I think such a thing depends on ones mental capabilities. And I don't think I am the kind who gets so wrapped up in something make believe that it will harm me. And I am also not the kind of person who wants to be dependant on others for what I need just so I can play. 



Takumi_L said:


> You seem to be a common internet attention whore.



  I am not, but w/e


----------



## AlienkittyII (Sep 13, 2009)

FoxPhantom said:


> my comment is this, just be who you are, no point in trying to change a person insides out when it's a passing or it's apart of the person.



thank you :3


----------



## Trpdwarf (Sep 13, 2009)

AlienkittyII said:


> I think such a thing depends on ones mental capabilities. And I don't think I am the kind who gets so wrapped up in something make believe that it will harm me. And I am also not the kind of person who wants to be dependant on others for what I need just so I can play.
> 
> 
> 
> I am not, but w/e



Well the kind of people who ruin others, take advantage of people who often have good mental capabilites but it's a low point in their life, and they want someone to listen. So often they'll pretend to be that friend and then try to pressure the person into seeing things their way later.

If you have a good head on your shoulders and you know not to let others use you like that, it's a good step in the right direction. I just like to warn people when they have the feelings you talk about, be careful. There are people out there who will seek to use you, and abuse you, and if you give in too much to feelings of misanthropy which I do believe you have, it can ruin you.

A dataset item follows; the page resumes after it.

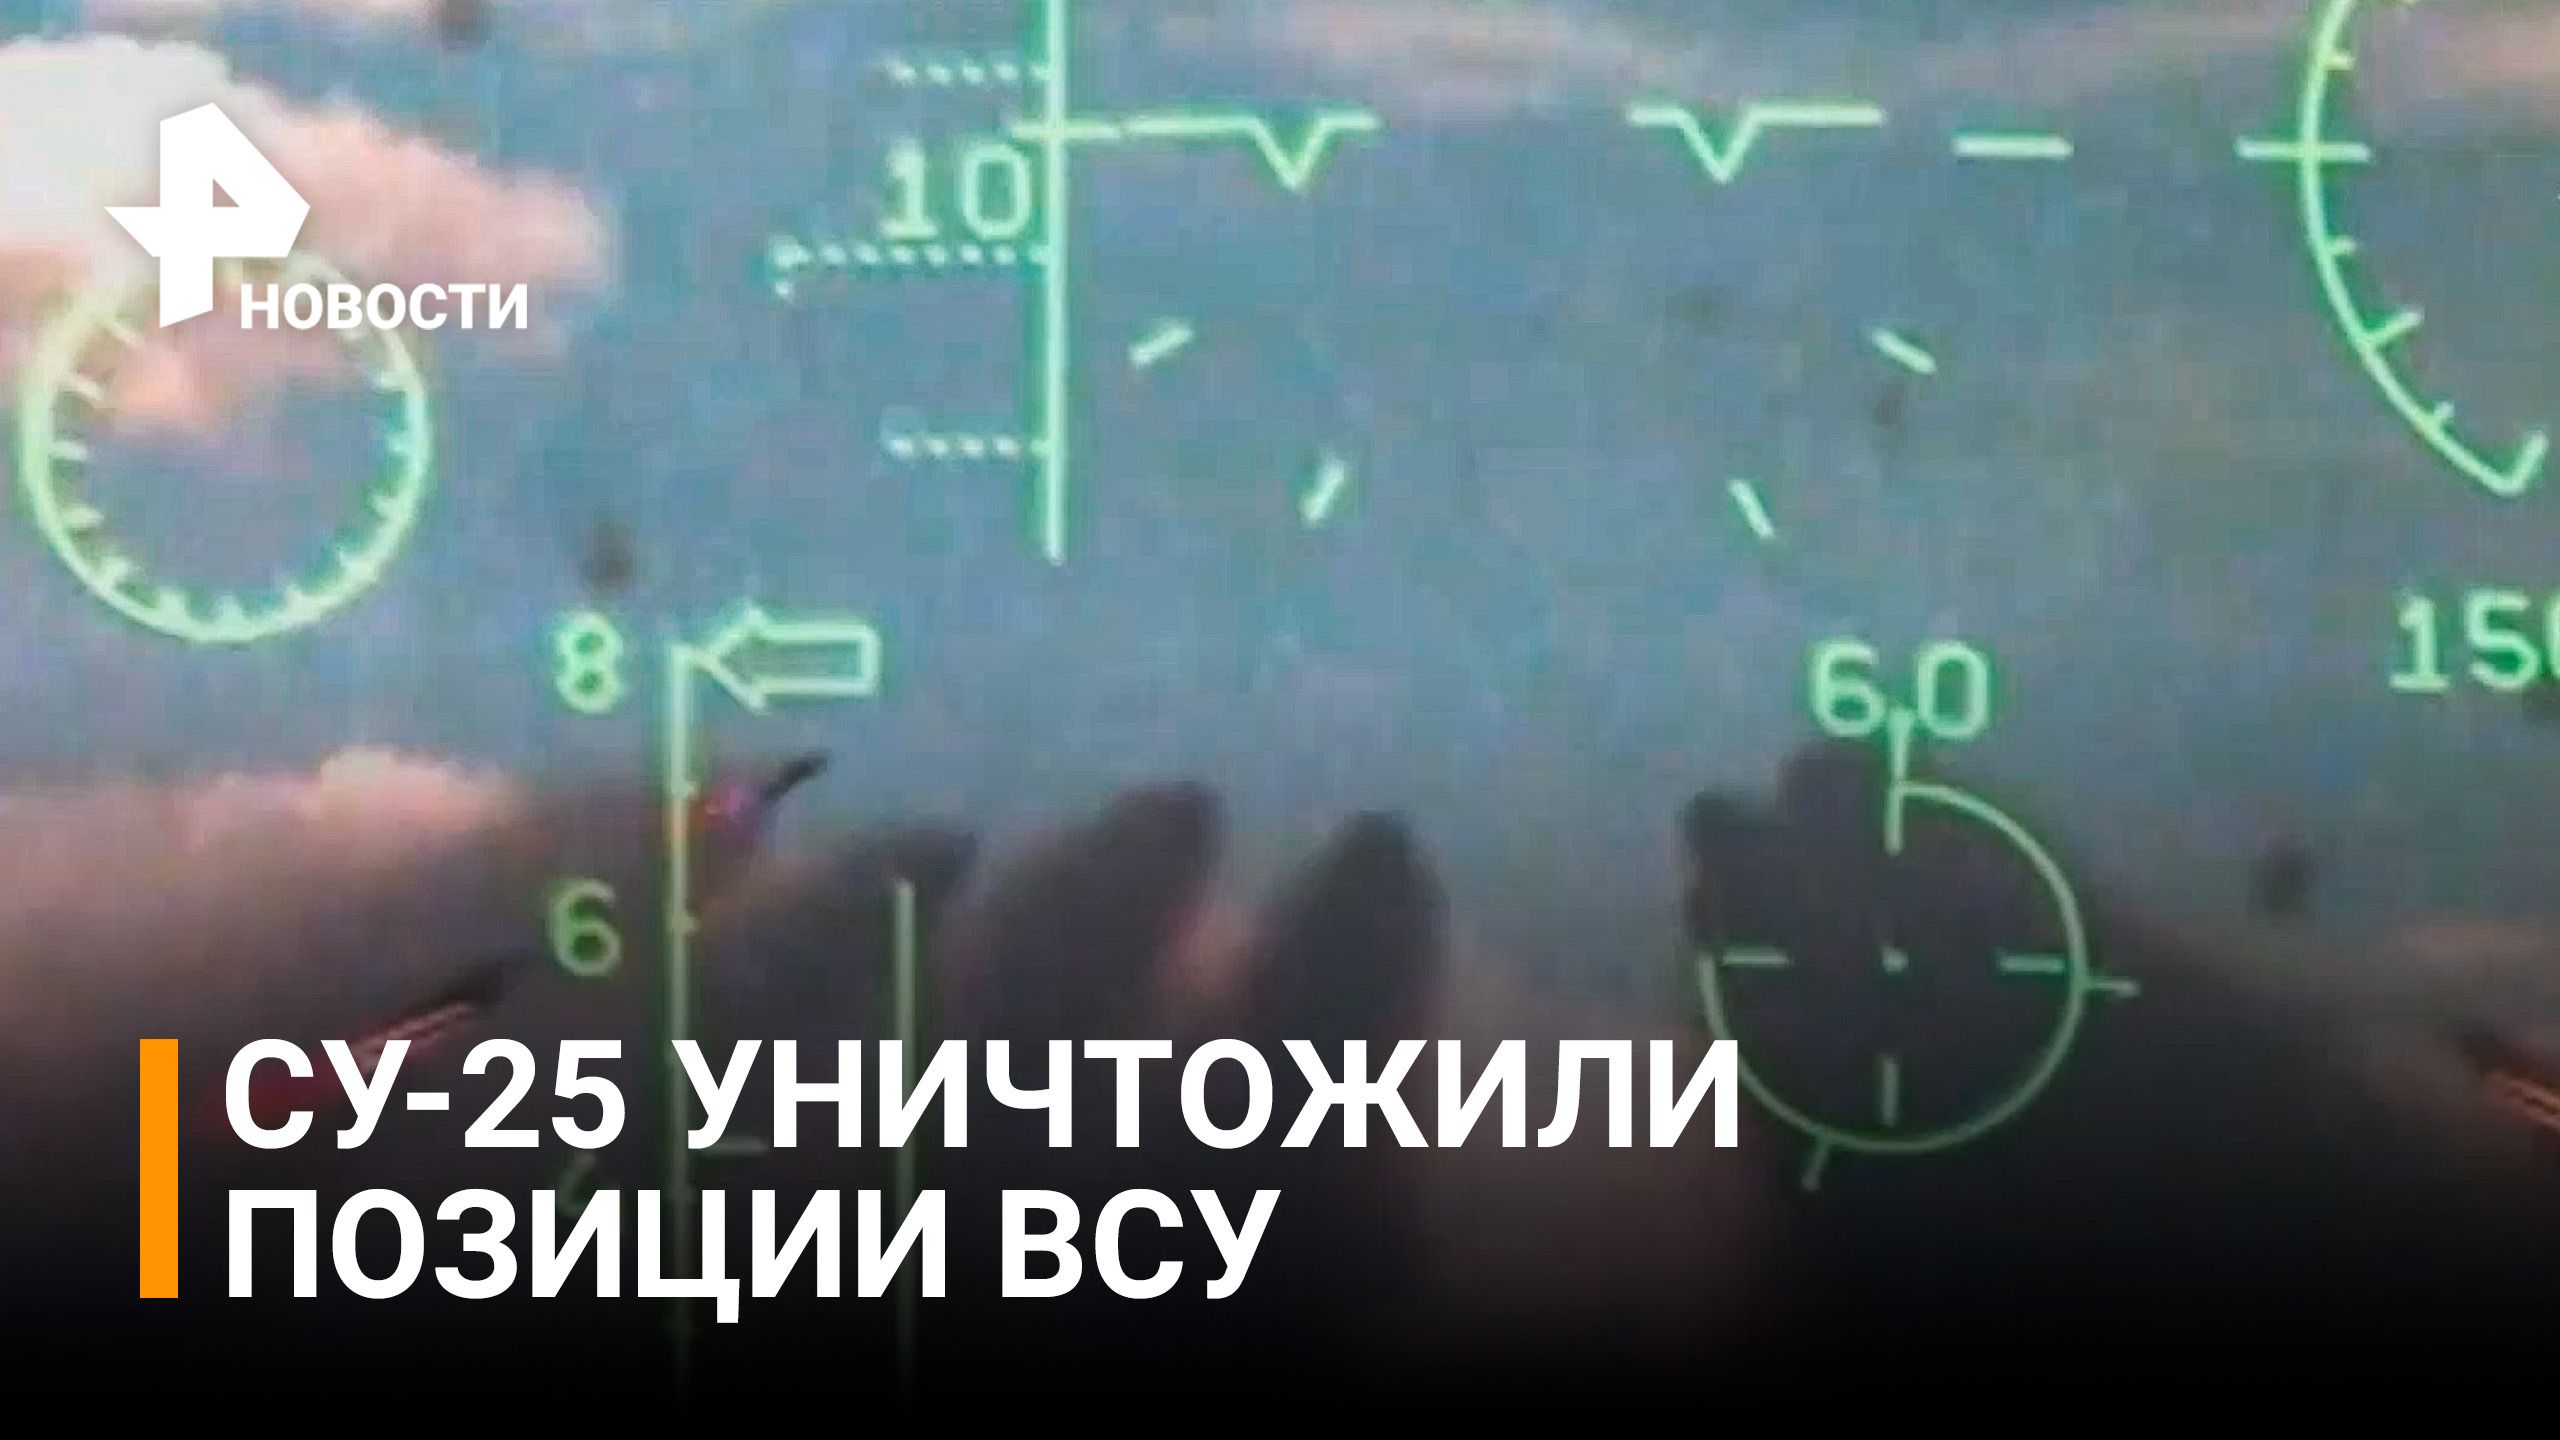 Как "летающие танки" Су-25 наносят удары по объектам ВСУ / РЕН Новости
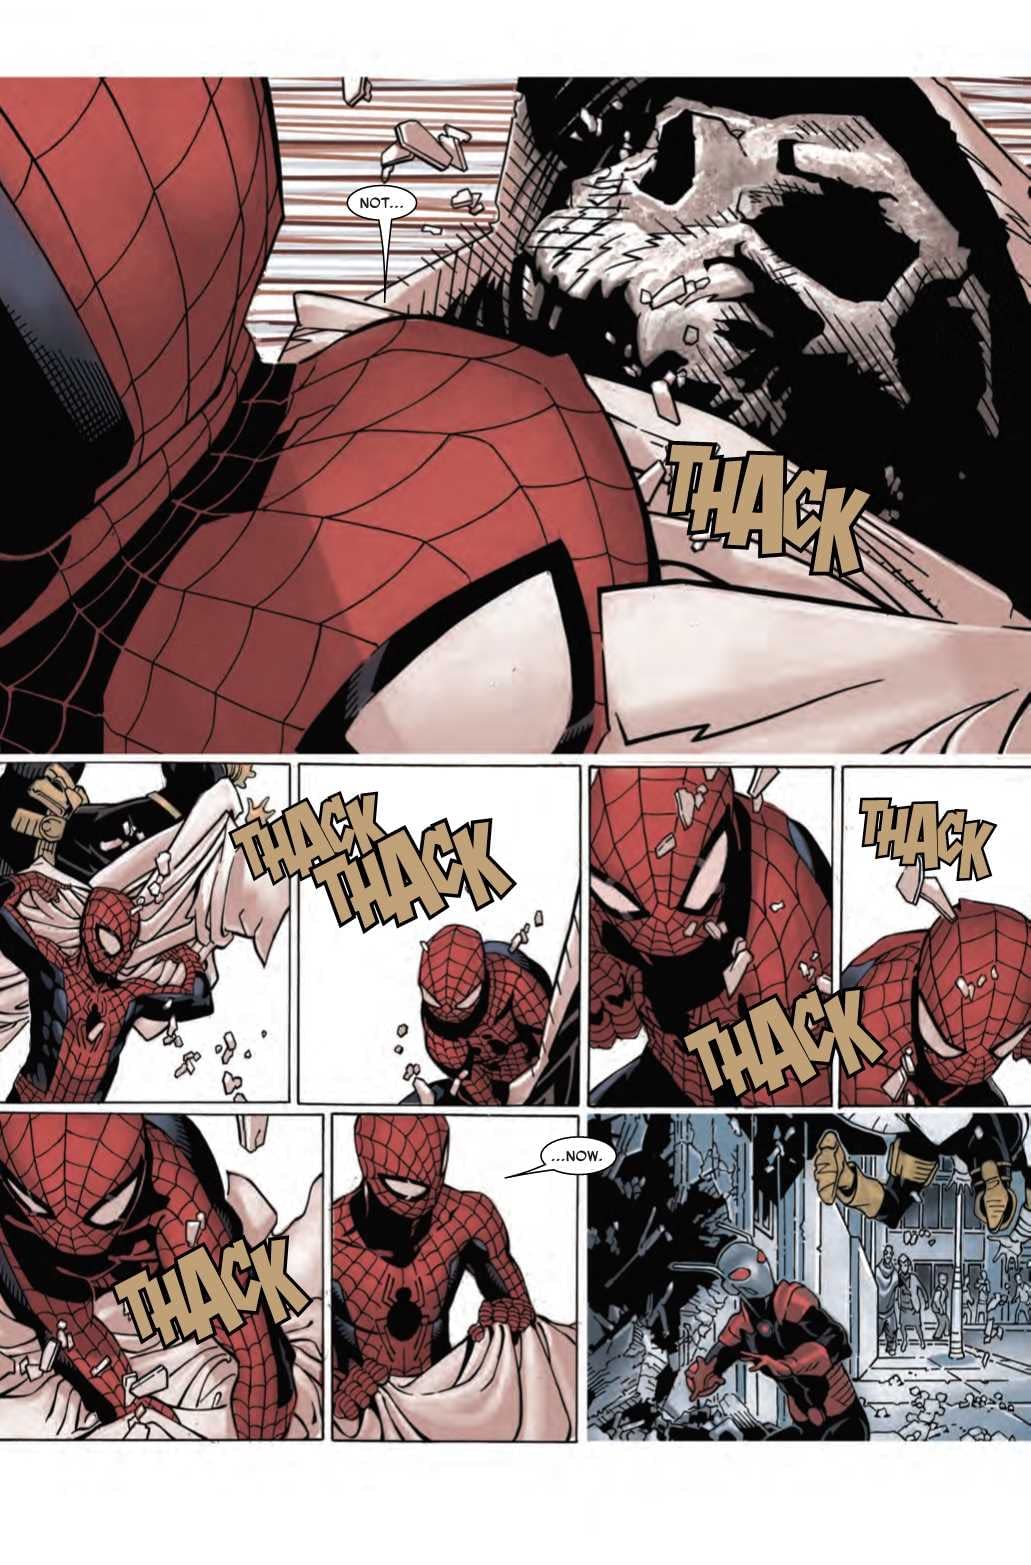 Lizard Parents Just Don't Understand in Next Week's Amazing Spider-Man #15

At the most be yourself as someone else said, but I'll go further and say that you don't have to have a boyfriend or girlfriend in order to have meaning in life. So if you cannot find it within yourself to ever look at people that way, you don't to. You can instead surround yourself with other good things, like good friends, good hobbies, and good social activities.


----------



## Kitsune Dzelda (Sep 13, 2009)

Trpdwarf said:


> You say that now. I've seen in my time here in the Fandom, what happens to people who get consumed by misanthropy. Yes all humans are complex beings with all these thoughts and emotions. You have to be careful when it comes to misanthropy because of what it turns you into if you let it get a grip on you. Hence my warning. You are human. Get used to it. Try to find positives in humanity. Don't let the misanthropy get to you too much. Be care what you focus on.
> 
> What happens when you fail to do so, is you dig yourself a deep hole that you'll never come of. It's a black hole. People who get sucked into it, I've seen them go from half-way happy people with some feeling of self worth, maybe their social skills are lacking but they are trying and in time they can get somewhere....from that to a true basement dwelling stereotype. So wrapped up in inane self and human loathing that they literally go insane. They shut themselves out from the world, and lose everything that used to matter and everyone that used to care. I know a few FA users that that to themselves but I'm not naming dropping in thread or PM.
> 
> It's okay to have thoughts of misanthropy. It's okay to have these yearnings for a more simple life. You never want to let it go too far. You'll destroy yourself and it's not worth it. Life does often suck. You can find worth in it, meaning it in, no matter what.


 
O.O Omg............... That.... describes me..... I think I need to lay down, or go out or something.... that really scares me.


----------



## AlienkittyII (Sep 13, 2009)

Trpdwarf said:


> Well the kind of people who ruin others, take advantage of people who often have good mental capabilites but it's a low point in their life, and they want someone to listen. So often they'll pretend to be that friend and then try to pressure the person into seeing things their way later.
> 
> If you have a good head on your shoulders and you know not to let others use you like that, it's a good step in the right direction. I just like to warn people when they have the feelings you talk about, be careful. There are people out there who will seek to use you, and abuse you, and if you give in too much to feelings of misanthropy which I do believe you have, it can ruin you.
> 
> At the most be yourself as someone else said, but I'll go further and say that you don't have to have a boyfriend or girlfriend in order to have meaning in life. So if you cannot find it within yourself to ever look at people that way, you don't to. You can instead surround yourself with other good things, like good friends, good hobbies, and good social activities.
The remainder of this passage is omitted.